Camera distortion before
[10.66605247510551;
 -3.285275677907718;
 -0.0002239777860614761;
 0.0002754052605782622;
 -4.558702746668033;
 10.84074885514549;
 -1.393394357728932;
 -6.195010029831366;
 0;
 0;
 0;
 0;
 0;
 0]
Camera distortion after
[10.66605247510551;
 -3.285275677907718;
 -0.0002239777860614761;
 0.0002754052605782622;
 -4.558702746668033;
 10.84074885514549;
 -1.393394357728932;
 -6.195010029831366;
 0;
 0;
 0;
 0;
 0;
 0]
Rotation matrix
[0.9505968917080613, -0.01674142345003515, 0.3099762478252793;
 -0.08370759464721581, 0.9477324625852618, 0.3078899445588518;
 -0.298929068632259, -0.3186265903890352, 0.8995101488164035]
Translation matrix
[-355.88832121915;
 -256.9820616336252;
 569.5169203322572]

Notice that the camera_distortion parameters after calibration are different. The resulting rotation and translation matrices are also different

stereo_calibrate_example.cpp.txt
stereo_calibrate_example.py.txt
stereo_calibration_arguments.xml.txt

Thank you!

@AndrewMartchenko
stereoCalibrate signature:

stereoCalibrate(objectPoints, imagePoints1, imagePoints2, cameraMatrix1, distCoeffs1, cameraMatrix2, distCoeffs2,
                imageSize[, R[, T[, E[, F[, flags[, criteria]]]]]])

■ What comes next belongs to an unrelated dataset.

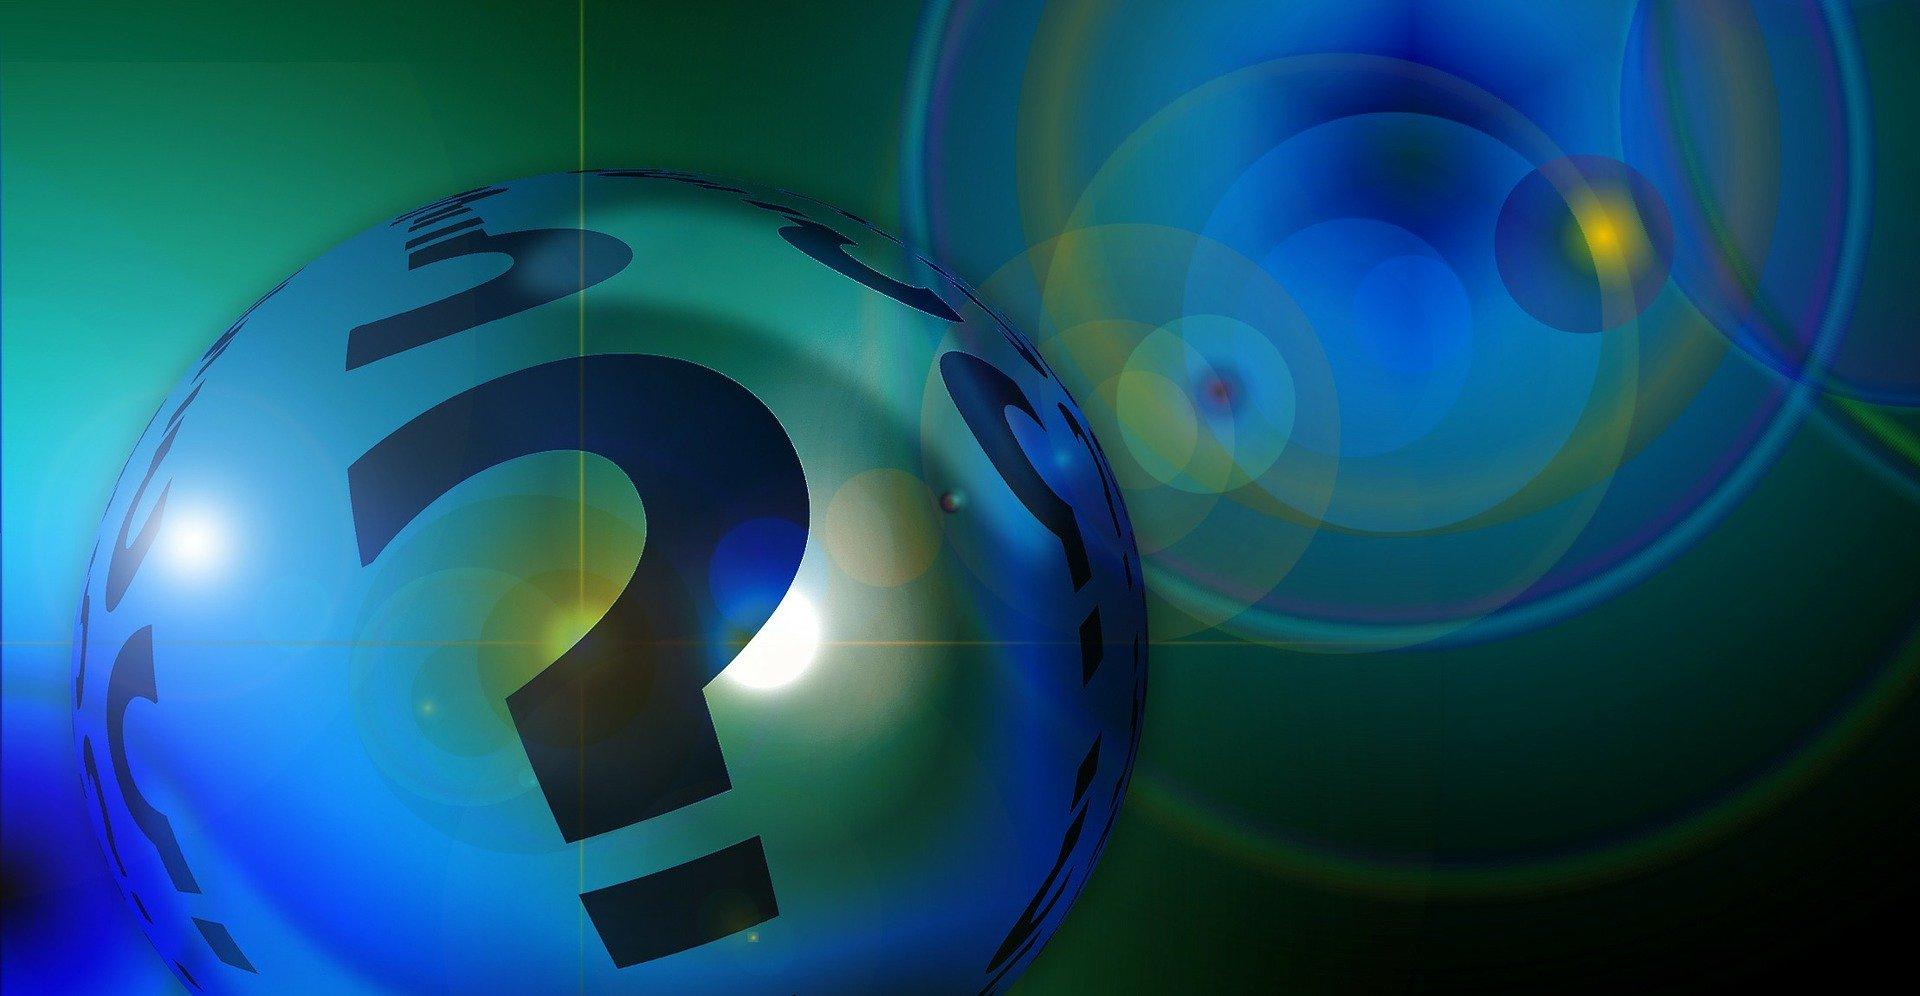 Як зареєструвати договір в органах Казначейства, якщо кошторис затверджено на меншу суму нід укладено договір?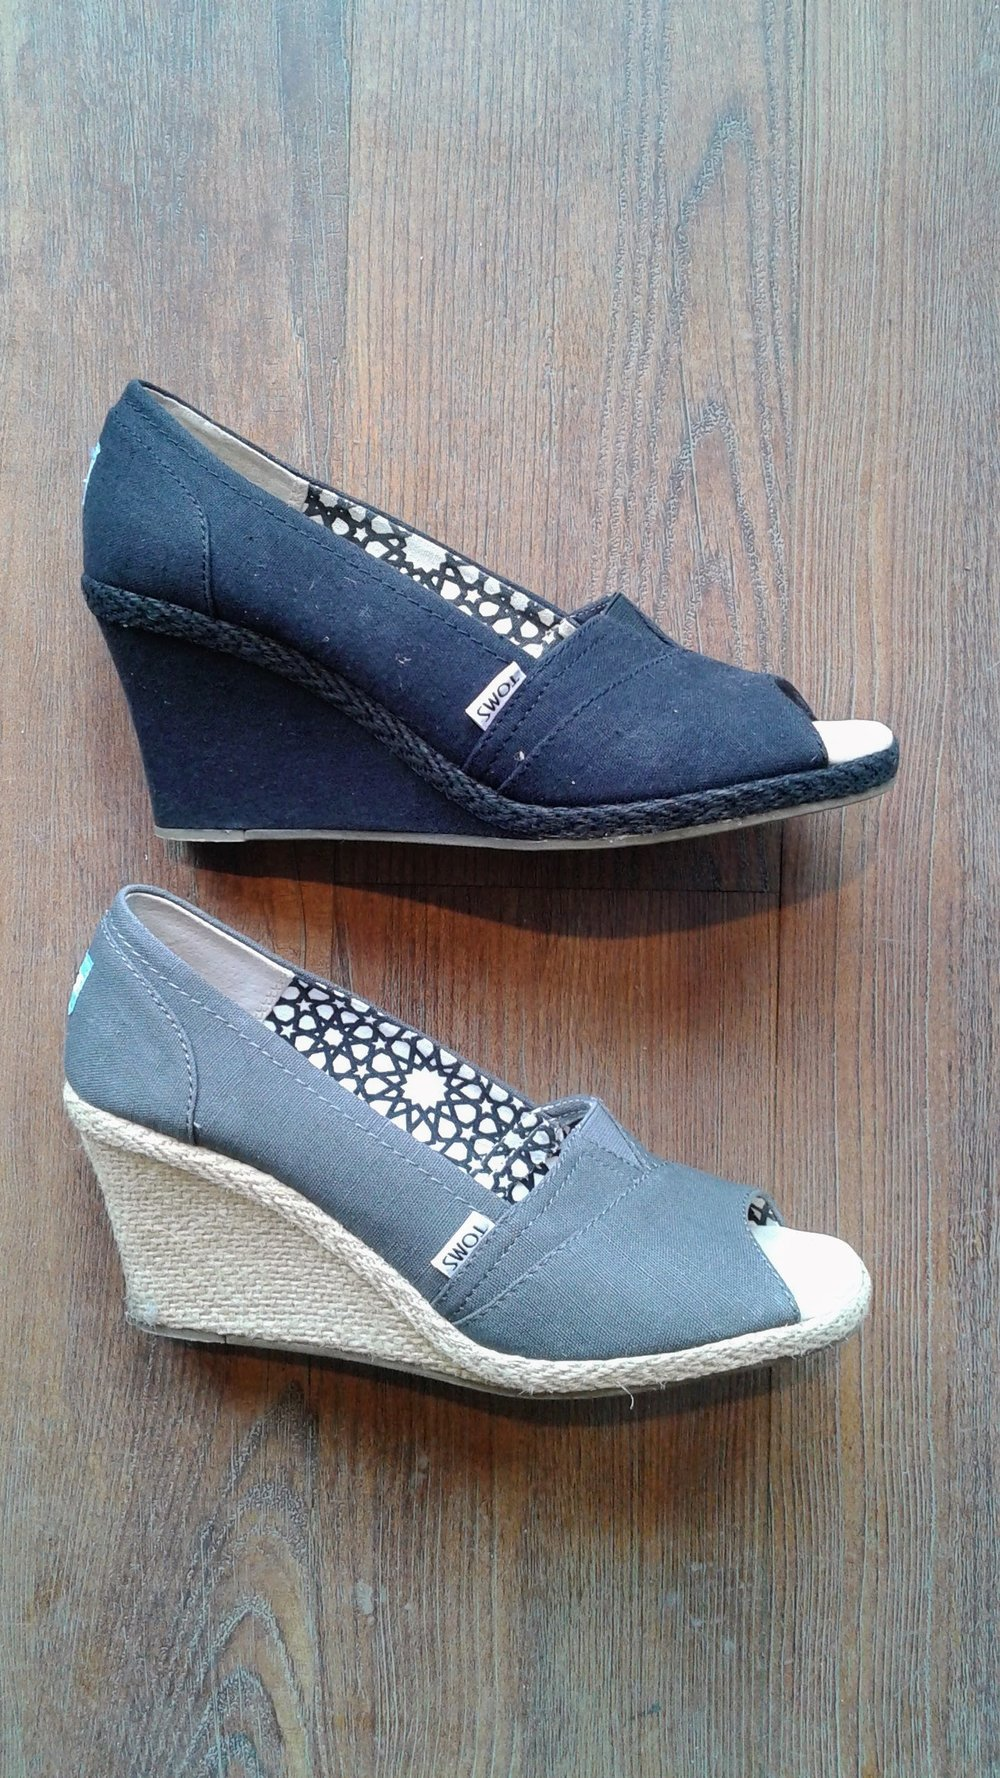 Toms sandals, each; S10, $30

stereo_calibrate_example.py.txt:

...
cv2.stereoCalibrate(object_points, camera_image_points, projector_image_points, new_camera_matrix,
                    camera_distortion, new_proj_matrix, proj_distortion, (2448, 2048),
                    criteria_stereo, flags)
...

Parameter flags is after criteria, and as flag use first element of criteria. Swap this parameters or consider using "names" (flags=flags, criteria=criteria_stereo)

This will fix your problem.

@AleksandrPanov Thank you, that fixed the problem. I can't believe I missed this.